Even the quote about creative stealing has been stolen! 

Award-winning screenwriter Aaron Sorkin is quoted as saying: “Good writers borrow from other writers. Great writers steal from them outright.” 

His quote sounds strangely similar to something innovator Steve Jobs said in a 1996 interview — “Good artists copy, great artists steal” — which Jobs attributed to artist Pablo Picasso. 

But Picasso stole that quote from poet T.S. Eliot, who stole it from an article by W.H. Davenport Adams in Gentleman’s Magazine in 1892. 

The point is: creative theft spurs creativity. 

Why Creative Thievery Is 100% Okay

We are the things we love. 

Say you love Wes Anderson movies. You think to yourself, “I want to make a movie like that,” so you steal some of his story elements and stylistic qualities. Maybe you even take the basic plot structure of Moonrise Kingdom. Throw in some new characters and a quirky, oddball setting (obviously not a hotel or submarine), and you’re off.

But maybe a particular plot point in Moonrise Kingdom doesn’t work for your story. So you tweak. 

And maybe at one point during your writing process you do a comfort rewatch of Pushing Daisies, which inspires you to throw in a magical element and a disembodied narrator. While you’re at it, you see a scene from the next big streaming binge and decide to model one of your scenes after it. 

Then you’re scrolling on social media one night and see a photo of a painting by Monet or Picasso or Van Gogh or O’Keefe. The double-tap to like isn’t enough. You’re in love with the color combination, so you decide that your film must incorporate that particular palette. 

In the beginning, you “stole” from Wes Anderson. But by the time you’ve finished your script and filmed your movie, you’re left with something new and different and not like Wes Anderson at all. 

The fact of the matter is, you can try to be Wes Anderson (or whoever your screenwriting/filmmaking hero is), but you’re not going to be.

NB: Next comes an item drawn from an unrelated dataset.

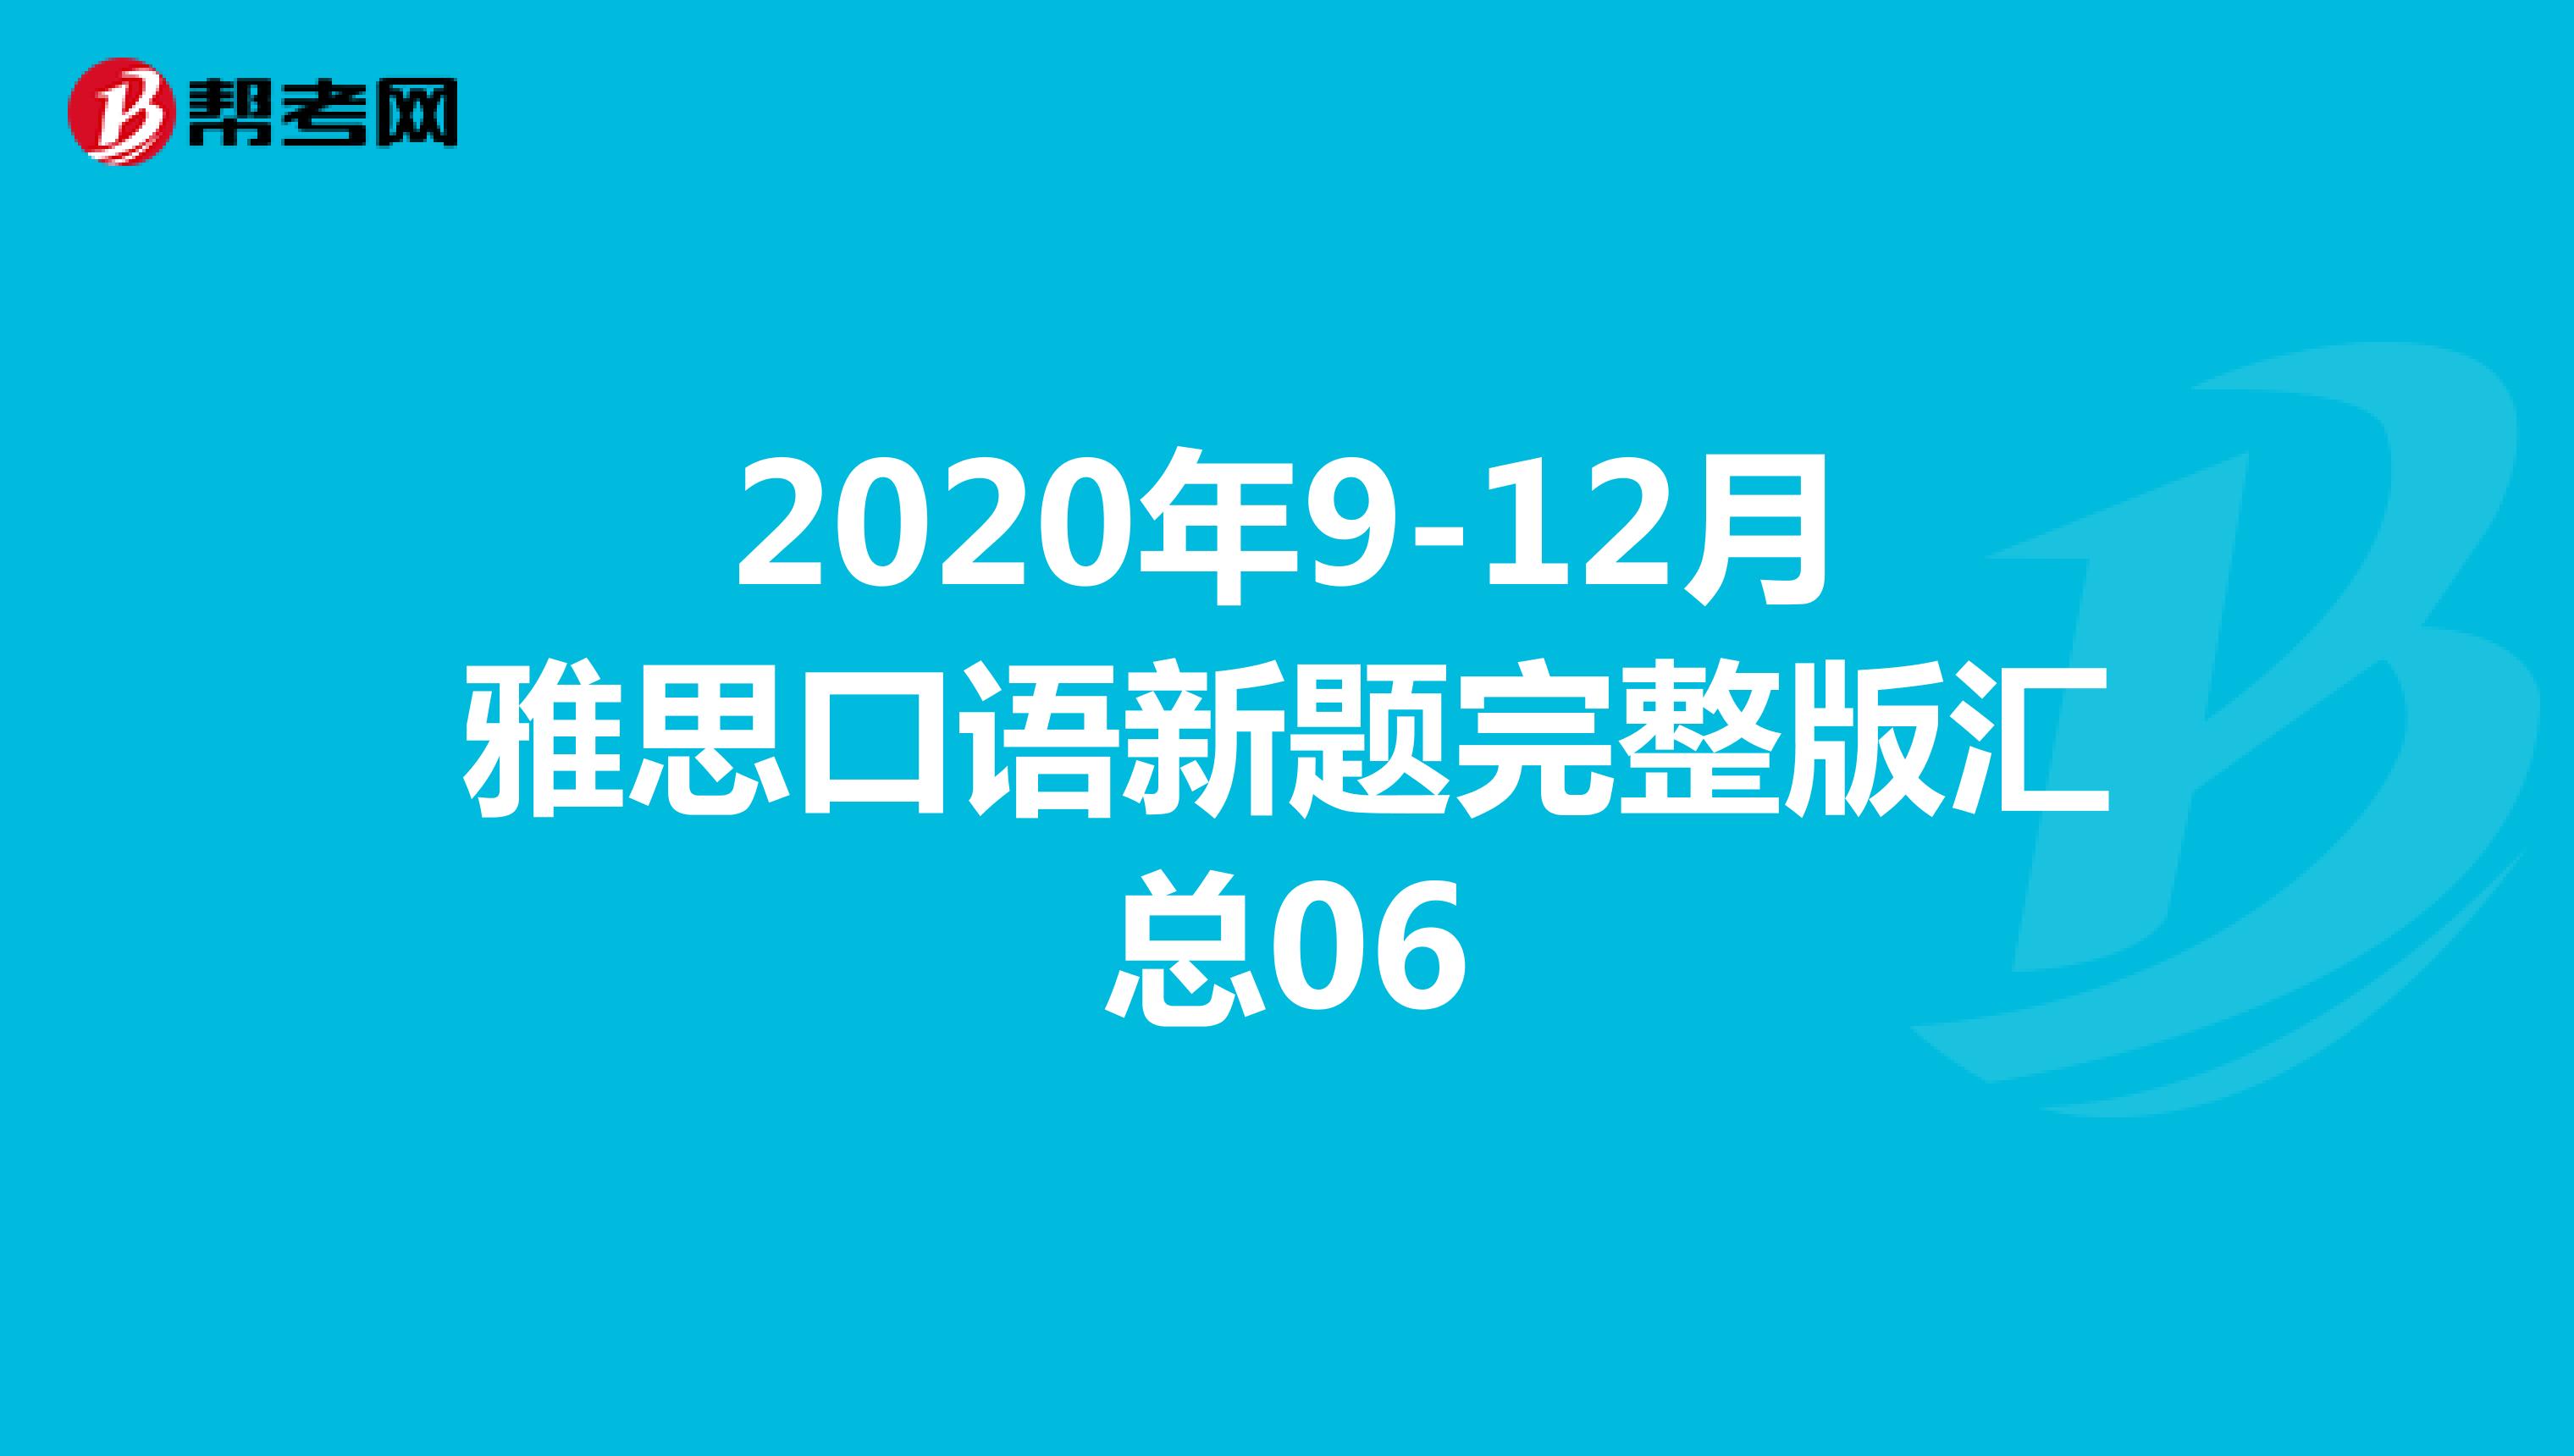 2020年9-12月雅思口语新题完整版汇总06

That’s why creative thievery is okay. You can steal from the greats, but you’re still you. 

The things you create will be entirely your own, even if bits and pieces of them were originally stolen or inspired by or made in imitation of someone else’s art. 

Wes Anderson | Jacques Henri Lartigue comparison

See… even Wes Anderson “steals.”

So What Can I Steal?

Above all else, look to the things you love — the characters, stories, plot points, scenes, imagery, colors, feelings, and moments you’re obsessed with. 

Take the structure from a movie you love and make it your own. Start with a well-known character archetype or personality and combine it with other quirks and flaws until you’ve created an amalgam of a character that is someone entirely new. 

Frame your photos and videos in the same way as others you love. Use familiar settings for new scenes, or place familiar scenes in new settings. 

Give yourself permission. Don’t plagiarize, but freely follow your inspiration. Let the art and artists you love lead you, and don’t be afraid to dip your toe in the water of creative thievery. Heck, just go ahead and do a cannonball in! 

Steal with abandon. Steal without apologizing. Steal whatever and whenever you want and transform it into something brand new.